Hendrik Verwoerd, the chief architect of apartheid, openly defined South Africa as “a white man’s country”. This was not a descriptive statement but a political project. Whiteness here functioned as what sociologist Cheryl Harris calls “property”—a set of enforceable rights to land, movement, education, and political voice (Whiteness as Property).

Under apartheid, Afrikaners were indisputably white—not because of skin color alone, but because the state defined, protected, and reproduced their whiteness through law.

 

Blackness as a Political and Historical Identity.

To ask whether Afrikaners are black also requires clarity about blackness. In African and diasporic thought, blackness is not merely pigmentation; it is a historical condition shaped by dispossession, enslavement, and racialized exploitation.

Frantz Fanon famously wrote, “The black man is not black by nature but by history” (Black Skin, White Masks). In South Africa, blackness emerged as a shared political identity among Africans, Coloureds, and Indians subjected to white domination.

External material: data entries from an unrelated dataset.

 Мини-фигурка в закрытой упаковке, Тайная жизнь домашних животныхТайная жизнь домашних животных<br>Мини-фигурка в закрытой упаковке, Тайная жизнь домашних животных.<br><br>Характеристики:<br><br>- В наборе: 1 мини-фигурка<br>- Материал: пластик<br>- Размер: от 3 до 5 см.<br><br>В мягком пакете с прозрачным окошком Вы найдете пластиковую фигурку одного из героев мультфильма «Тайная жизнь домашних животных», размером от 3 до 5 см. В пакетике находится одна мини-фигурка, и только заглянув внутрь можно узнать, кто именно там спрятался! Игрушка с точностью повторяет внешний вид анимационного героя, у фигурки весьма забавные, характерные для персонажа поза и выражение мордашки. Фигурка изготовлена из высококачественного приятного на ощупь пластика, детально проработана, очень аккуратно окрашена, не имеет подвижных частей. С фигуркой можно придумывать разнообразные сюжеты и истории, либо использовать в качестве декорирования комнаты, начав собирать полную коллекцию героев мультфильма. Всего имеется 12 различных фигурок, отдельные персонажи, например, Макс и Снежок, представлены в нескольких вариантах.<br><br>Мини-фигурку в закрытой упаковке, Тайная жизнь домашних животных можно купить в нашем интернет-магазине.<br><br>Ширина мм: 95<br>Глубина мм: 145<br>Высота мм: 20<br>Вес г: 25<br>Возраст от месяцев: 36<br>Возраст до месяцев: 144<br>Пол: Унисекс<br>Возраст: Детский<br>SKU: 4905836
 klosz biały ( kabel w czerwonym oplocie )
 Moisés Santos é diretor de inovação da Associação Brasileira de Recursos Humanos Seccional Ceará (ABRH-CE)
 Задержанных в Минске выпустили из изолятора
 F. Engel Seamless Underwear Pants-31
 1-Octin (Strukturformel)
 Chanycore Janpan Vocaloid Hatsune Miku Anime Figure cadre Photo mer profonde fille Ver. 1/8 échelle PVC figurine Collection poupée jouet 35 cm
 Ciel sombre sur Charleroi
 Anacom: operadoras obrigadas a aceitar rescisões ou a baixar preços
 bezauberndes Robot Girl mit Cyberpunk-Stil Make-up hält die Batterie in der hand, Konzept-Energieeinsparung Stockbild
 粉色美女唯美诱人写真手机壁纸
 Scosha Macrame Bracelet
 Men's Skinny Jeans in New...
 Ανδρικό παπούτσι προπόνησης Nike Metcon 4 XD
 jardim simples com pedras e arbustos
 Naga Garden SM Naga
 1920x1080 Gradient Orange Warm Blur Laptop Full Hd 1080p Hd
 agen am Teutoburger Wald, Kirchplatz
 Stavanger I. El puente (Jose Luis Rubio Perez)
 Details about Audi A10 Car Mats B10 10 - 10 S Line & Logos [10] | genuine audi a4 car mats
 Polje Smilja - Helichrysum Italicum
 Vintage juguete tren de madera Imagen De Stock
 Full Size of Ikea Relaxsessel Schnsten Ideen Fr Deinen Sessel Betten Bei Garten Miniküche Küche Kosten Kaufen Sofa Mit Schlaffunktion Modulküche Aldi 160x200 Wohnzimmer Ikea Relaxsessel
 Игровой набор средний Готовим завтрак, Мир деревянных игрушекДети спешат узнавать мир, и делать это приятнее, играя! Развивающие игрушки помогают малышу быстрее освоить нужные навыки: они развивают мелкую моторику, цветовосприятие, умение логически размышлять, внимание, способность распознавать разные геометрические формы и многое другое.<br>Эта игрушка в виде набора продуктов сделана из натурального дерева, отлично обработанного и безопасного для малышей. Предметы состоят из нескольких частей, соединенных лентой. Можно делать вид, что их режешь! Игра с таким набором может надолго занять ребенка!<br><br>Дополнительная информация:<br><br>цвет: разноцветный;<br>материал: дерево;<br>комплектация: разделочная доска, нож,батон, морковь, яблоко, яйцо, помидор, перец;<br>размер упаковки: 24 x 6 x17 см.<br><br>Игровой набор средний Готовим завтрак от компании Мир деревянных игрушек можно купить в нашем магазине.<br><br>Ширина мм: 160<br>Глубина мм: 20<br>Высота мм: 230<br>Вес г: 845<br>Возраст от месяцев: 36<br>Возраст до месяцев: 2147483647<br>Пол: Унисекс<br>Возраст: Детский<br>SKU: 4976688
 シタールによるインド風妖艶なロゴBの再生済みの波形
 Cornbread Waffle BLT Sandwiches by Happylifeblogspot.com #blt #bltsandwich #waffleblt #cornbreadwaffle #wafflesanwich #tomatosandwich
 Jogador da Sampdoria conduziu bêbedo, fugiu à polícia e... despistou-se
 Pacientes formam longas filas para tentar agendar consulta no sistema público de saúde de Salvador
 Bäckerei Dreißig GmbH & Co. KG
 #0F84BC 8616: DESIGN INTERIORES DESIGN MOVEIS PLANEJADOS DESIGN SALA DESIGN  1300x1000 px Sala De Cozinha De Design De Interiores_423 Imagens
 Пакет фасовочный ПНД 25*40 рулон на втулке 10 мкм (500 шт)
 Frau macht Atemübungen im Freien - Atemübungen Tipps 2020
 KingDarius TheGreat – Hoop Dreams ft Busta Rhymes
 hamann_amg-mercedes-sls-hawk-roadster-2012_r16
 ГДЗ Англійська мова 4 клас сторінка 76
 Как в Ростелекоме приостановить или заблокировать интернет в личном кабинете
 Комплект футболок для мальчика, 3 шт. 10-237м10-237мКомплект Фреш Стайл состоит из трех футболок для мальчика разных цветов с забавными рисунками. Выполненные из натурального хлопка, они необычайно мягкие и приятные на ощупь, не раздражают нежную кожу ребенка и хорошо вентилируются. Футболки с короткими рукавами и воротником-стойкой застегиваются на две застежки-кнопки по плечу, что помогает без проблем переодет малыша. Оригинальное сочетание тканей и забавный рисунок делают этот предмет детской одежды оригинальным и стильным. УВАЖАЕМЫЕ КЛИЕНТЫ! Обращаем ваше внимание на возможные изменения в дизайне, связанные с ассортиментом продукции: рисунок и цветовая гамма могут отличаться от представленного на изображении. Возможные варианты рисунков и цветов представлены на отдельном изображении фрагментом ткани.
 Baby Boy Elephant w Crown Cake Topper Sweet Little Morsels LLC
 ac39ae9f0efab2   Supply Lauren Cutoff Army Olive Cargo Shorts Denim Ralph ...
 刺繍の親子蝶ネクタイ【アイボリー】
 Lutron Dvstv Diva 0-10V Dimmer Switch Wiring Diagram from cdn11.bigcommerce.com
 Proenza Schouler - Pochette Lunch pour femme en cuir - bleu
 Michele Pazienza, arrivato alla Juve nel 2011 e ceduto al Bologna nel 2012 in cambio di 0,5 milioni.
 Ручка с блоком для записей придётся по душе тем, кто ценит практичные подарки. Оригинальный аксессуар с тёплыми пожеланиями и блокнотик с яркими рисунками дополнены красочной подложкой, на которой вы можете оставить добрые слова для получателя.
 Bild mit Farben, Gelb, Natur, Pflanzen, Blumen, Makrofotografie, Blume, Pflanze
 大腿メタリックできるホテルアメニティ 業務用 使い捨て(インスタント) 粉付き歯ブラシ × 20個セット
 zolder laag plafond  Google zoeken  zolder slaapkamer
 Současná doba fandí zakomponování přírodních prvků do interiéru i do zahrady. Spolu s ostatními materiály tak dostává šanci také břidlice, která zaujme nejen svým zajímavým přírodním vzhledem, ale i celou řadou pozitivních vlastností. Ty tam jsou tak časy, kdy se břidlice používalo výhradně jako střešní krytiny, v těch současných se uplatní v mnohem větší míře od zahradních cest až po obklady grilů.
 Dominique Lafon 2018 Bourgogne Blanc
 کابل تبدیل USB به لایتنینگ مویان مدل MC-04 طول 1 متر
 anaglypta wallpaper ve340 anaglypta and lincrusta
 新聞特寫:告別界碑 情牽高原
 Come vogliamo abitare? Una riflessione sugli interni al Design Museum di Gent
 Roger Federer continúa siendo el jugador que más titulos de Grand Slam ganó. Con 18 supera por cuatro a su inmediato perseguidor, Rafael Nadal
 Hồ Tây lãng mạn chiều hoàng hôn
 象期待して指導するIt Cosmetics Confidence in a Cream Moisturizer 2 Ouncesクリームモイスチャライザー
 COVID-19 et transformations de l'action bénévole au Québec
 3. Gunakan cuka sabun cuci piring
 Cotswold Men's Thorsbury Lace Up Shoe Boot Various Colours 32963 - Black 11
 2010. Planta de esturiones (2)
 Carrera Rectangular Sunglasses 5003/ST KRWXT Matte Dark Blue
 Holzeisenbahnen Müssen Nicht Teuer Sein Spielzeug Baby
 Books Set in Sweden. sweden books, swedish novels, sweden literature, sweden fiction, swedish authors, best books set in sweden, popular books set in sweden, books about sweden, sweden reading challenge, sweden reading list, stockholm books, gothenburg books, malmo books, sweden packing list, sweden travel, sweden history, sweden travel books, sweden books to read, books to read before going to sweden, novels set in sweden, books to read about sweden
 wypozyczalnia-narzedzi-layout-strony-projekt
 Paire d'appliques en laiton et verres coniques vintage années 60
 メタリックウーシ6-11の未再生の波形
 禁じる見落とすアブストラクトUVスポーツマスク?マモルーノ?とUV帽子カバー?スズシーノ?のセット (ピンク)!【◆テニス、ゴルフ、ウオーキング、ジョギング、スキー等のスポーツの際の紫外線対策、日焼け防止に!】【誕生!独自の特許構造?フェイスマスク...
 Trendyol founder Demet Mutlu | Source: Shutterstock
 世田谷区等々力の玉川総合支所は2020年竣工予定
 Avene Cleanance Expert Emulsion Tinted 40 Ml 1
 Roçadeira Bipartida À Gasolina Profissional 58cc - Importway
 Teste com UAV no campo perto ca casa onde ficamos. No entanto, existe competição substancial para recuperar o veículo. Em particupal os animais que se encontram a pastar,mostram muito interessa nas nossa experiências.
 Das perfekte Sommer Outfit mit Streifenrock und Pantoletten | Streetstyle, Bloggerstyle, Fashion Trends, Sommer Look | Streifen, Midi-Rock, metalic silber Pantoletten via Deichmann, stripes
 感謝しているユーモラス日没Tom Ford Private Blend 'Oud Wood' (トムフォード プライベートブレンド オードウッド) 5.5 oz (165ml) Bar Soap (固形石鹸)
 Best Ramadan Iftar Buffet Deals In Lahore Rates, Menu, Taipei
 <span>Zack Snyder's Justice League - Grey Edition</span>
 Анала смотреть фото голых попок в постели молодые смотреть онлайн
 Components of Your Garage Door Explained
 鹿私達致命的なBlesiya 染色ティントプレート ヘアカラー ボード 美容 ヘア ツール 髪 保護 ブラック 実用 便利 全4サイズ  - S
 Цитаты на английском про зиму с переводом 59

Afrikaners do not share this historical condition. They were not racialized as inferior, denied land rights, or excluded from citizenship on the basis of race. Even poor Afrikaners benefited from racial solidarity and state protection. As Deborah Posel notes, “Whiteness in South Africa cushioned class inequality among Europeans” (The Making of Apartheid).

Thus, Afrikaners cannot meaningfully be described as black in the political or historical sense that blackness has carried in South Africa.

 

The Paradox: Marginal Europeans, Dominant Whites.

A crucial nuance lies in the fact that Afrikaners themselves were once marginal within global whiteness. British elites often viewed them as backward, semi-civilized, and racially suspect. During the Anglo-Boer War, British discourse frequently portrayed Boers as “degenerate whites”.

This aligns with David Roediger’s argument that “whiteness has always had internal hierarchies” (The Wages of Whiteness). Afrikaners had to become white through domination, state-building, and racial policing.

Yet marginal whiteness is still whiteness. The solution Afrikaners chose to their insecurity was not solidarity with Africans but the most rigid racial regime of the twentieth century.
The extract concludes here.